🤖 AI Summary
This work proposes ToMAToMP, the first topological clustering method capable of handling multi-function inputs, addressing key limitations of the classical ToMATo algorithm. Traditional ToMATo relies on manual graph construction parameters, is sensitive to outliers, and supports only a single scalar function, rendering it unsuitable for multi-parameter settings. In contrast, ToMAToMP leverages multi-parameter persistent homology theory and employs an MMA decomposition to construct a parameter-free clustering pipeline that eliminates dependence on graph tuning. While preserving the robustness inherent in topological data analysis, ToMAToMP effectively overcomes ToMATo’s three main bottlenecks: graph dependency, outlier sensitivity, and single-function restriction.

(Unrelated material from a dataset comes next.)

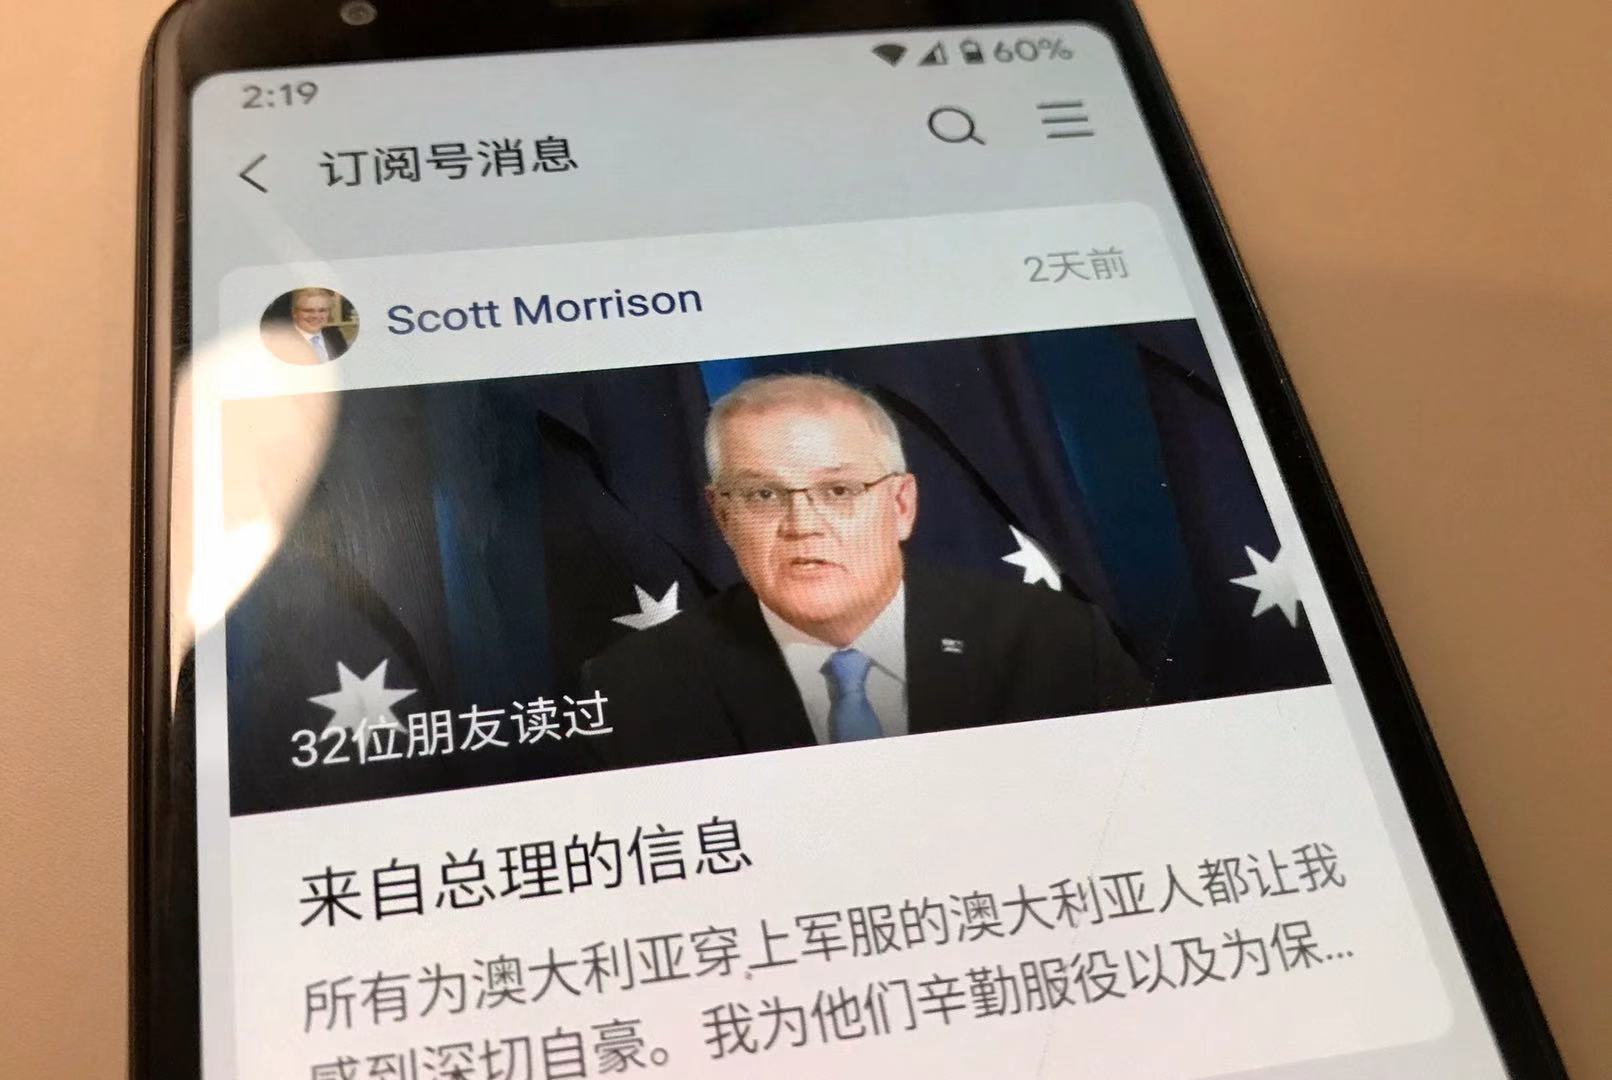 Morrison's message to Chinese Australians is deleted by WeChat

Experimental results demonstrate that ToMAToMP significantly outperforms both topological and non-topological clustering baselines across multiple datasets, achieving superior performance in both clustering quality and computational efficiency.
📝 Abstract
Topological clustering, and its main algorithm ToMATo, is a clustering method from Topological Data Analysis (TDA) which has been applied successfully in several applications during the last few years. This is due to its high versatility, as clusters are detected from the persistent components in the sublevel sets of any user-defined function (gene expression, pixel values, etc), and efficiency, as topological clustering enjoys robustness guarantees. However, ToMATo is also limited in several ways. First, a graph on the data points needs to be provided as a hyper-parameter of the method (whose fine-tuning is left to the user). Second, ToMATo is known to be very sensitive to outlier values in the function range. Finally, and most importantly, ToMATo can only handle one function at a time, whereas it is critical to use several functions in various applications. In this article, we introduce ToMAToMP: the first topological clustering method able to handle several functions at the same time with theoretical guarantees. More specifically, we leverage a recent tool from multi-parameter persistent homology, called MMA decomposition, to design our clustering algorithm, and prove that it enjoys robustness properties. As corollaries, we show that it can be used to make ToMATo independent of graph tuning, and robust to outliers. Finally, we provide a set of numerical experiments showcasing the efficiency and quality of the clusterings produced by ToMAToMP, by showing strong improvement over non-topological and topological baselines for various datasets.